3rd in our five-part special series, Fuqua Entrepreneurs’ Insights on the Road Ahead

Shankar Musunuri: Many businesses are contributing to society in this crisis including manufacture of PPEs (personal protection equipment). In our Pharma Industry, if they have ability to contribute to development of new vaccines, therapeutics or diagnostics, they are jumping in to contribute their part. Even though it appears to be chaotic on surface, many businesses including private/public sectors are working together to find a cure or protect people. Business are showing that they care about people and societies they live in. Bonding is going to increase between businesses and society.
David Snow: COVID-19 has re-enforced how essential healthy businesses and a healthy economy are to our wellbeing. Business models may change due the learnings from the pandemic but the essential relationship between business and society has not.
Amit Sharma: No matter where you are, we are all connected across the world. Our personal and professional live are blurred together. During this experience, we’ve seen TV hosts recording shows in their home and have had colleagues’ children and pets make guest appearances on conference calls. We’ve had a more intimate look into the lives of our professional contacts, which I think will result in an expectation for more authentic conversation between employers, employees, business partners, etc.
Andy Horwitz: In the near term, this disruption is clearly making it less popular for businesses to maximize profits and buy back stocks and lavish executives with bonuses amid government bailouts and the heroics of the front line workers. That will continue for a while (a year, two years, five, who knows), but ultimately the capitalist system (and greed) will return, as it did after the great recession, after 9/11, after the tech bubble burst.
Brad Hirsch: The ability to mobilize industry at scale to solve key problems where government faltered will lead to a shift in perceptions. The innovation and ingenuity of businesses has clearly been embraced by society. The view of the pharmaceutical industry is a prime example with a rise in patient’s perception of the companies to a level not seen in nearly a decade. However, the power of certain companies, particularly in technology, will also draw concern among many. Do we have to rely on Google and Apple to trace contacts? Do we trust them to do so? I believe the net impact will be positive in the relationship.
Hetal Pandya: The relationship between business and society has definitely changed. Consumer trust will have to be rebuilt by local businesses, especially personal service providers. Consumers will value local businesses more once they have reestablished that partnership and trust.
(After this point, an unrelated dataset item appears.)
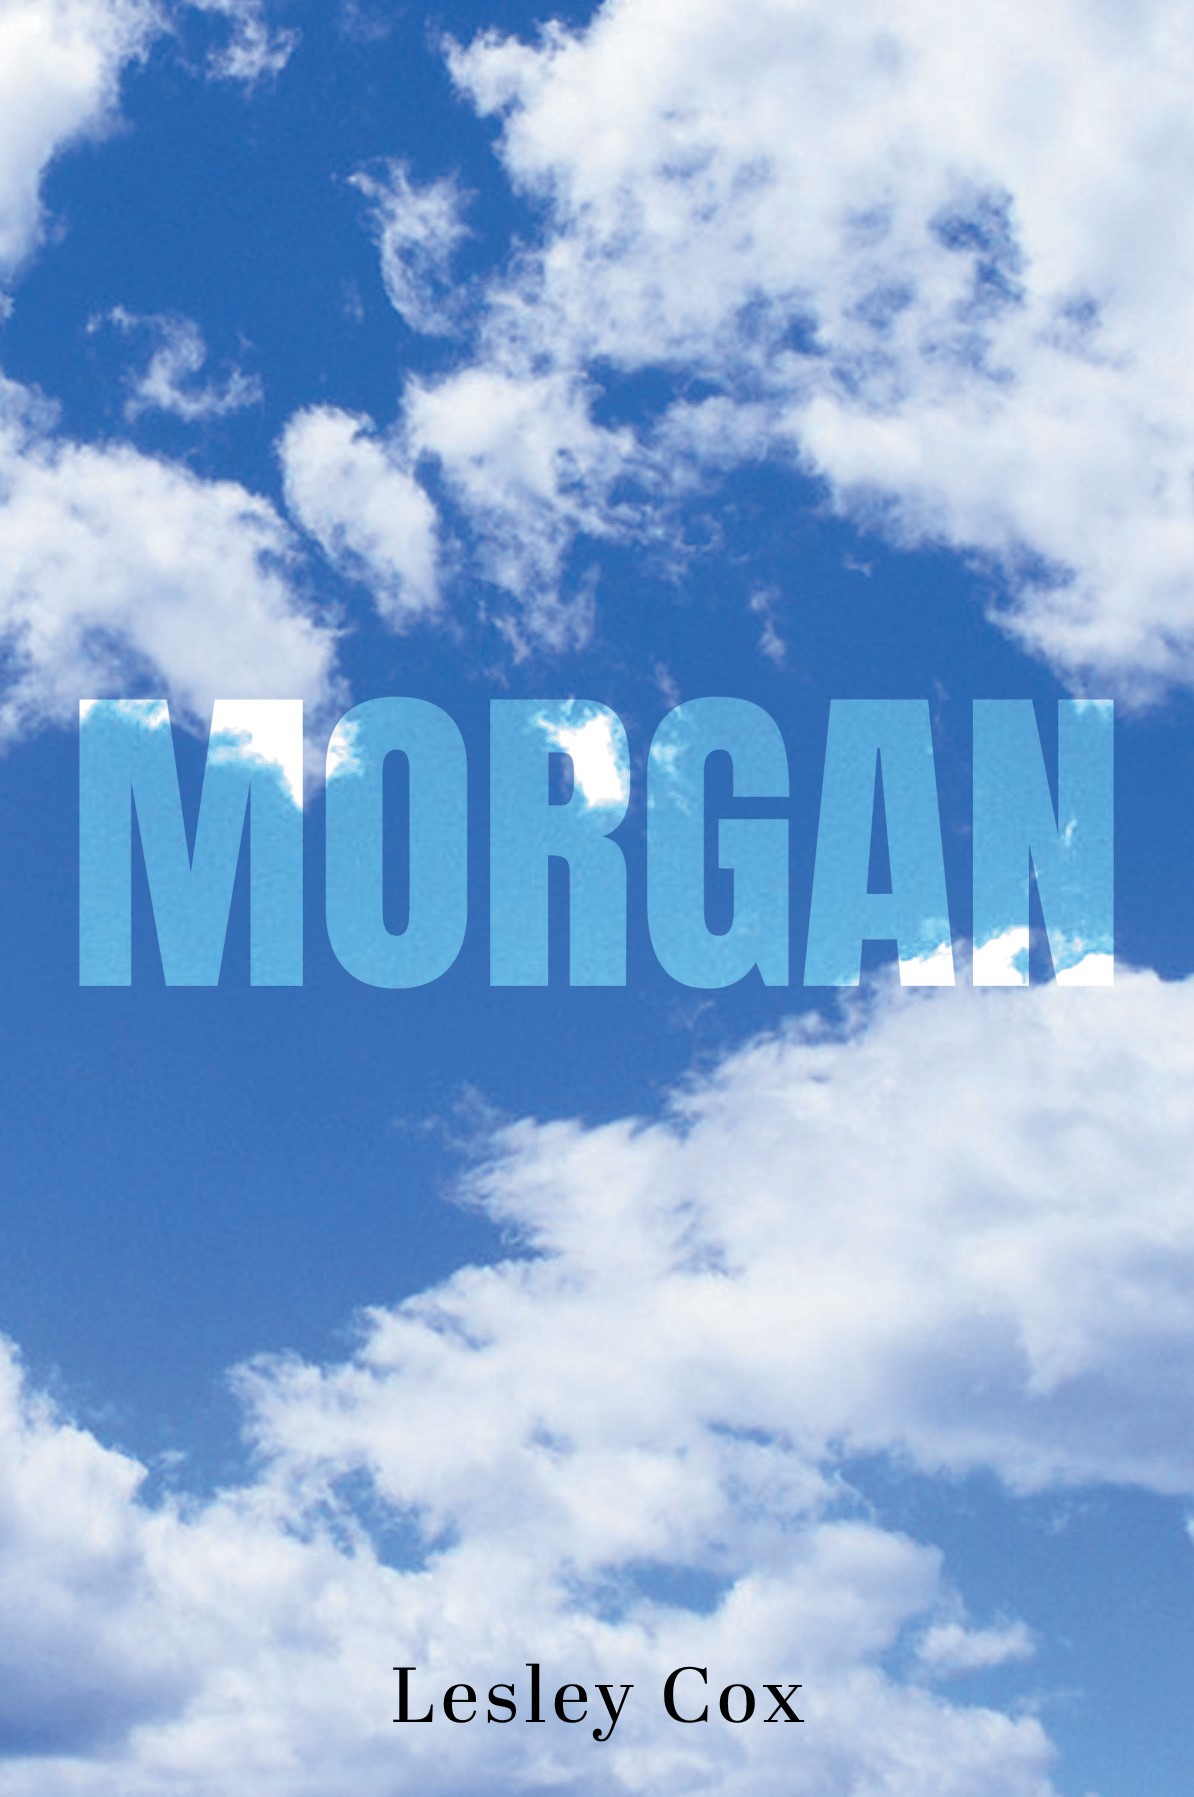 Morgan/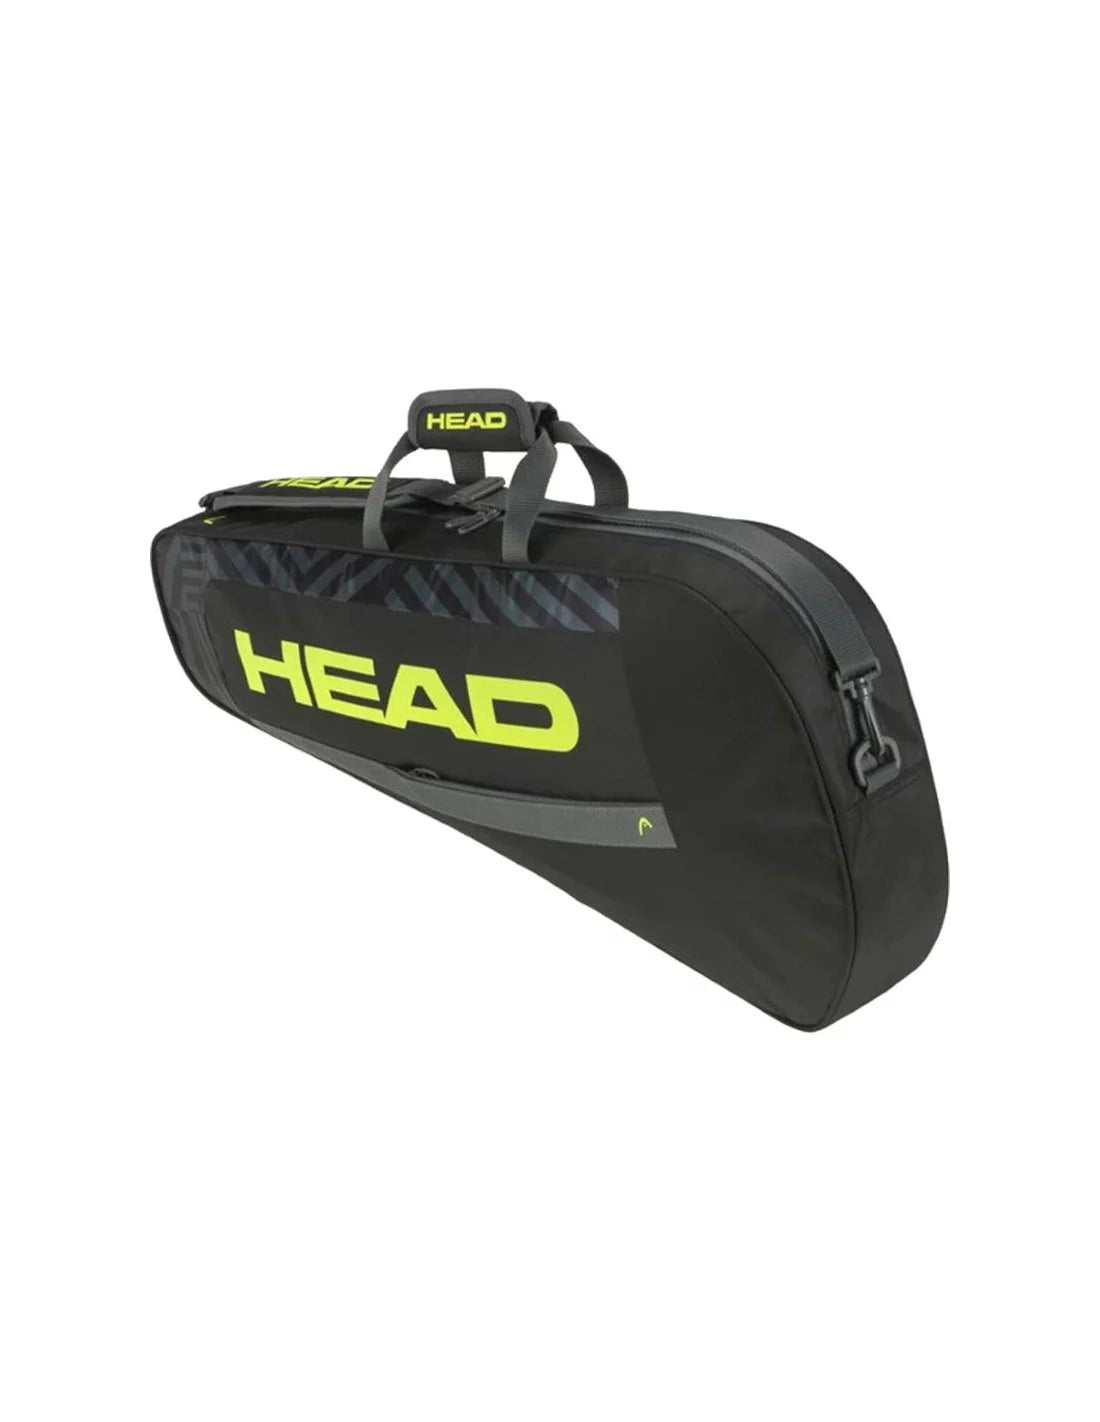 Head Base Racquet Bag S BKNY - 261423

Beverly Sobel-Redler: We now have a recognition that one’s personal purchasing choices do make a difference for a business. Right now, many folks are buying intentionally, focusing their purchasing power toward businesses they want to support and exist after the pandemic subsides. Seeing places shrink, close, hearing local folks in their local networks expressing the effect of dwindling spend dollars helps illuminate that their consumerism matters to the vendors providing those products and services.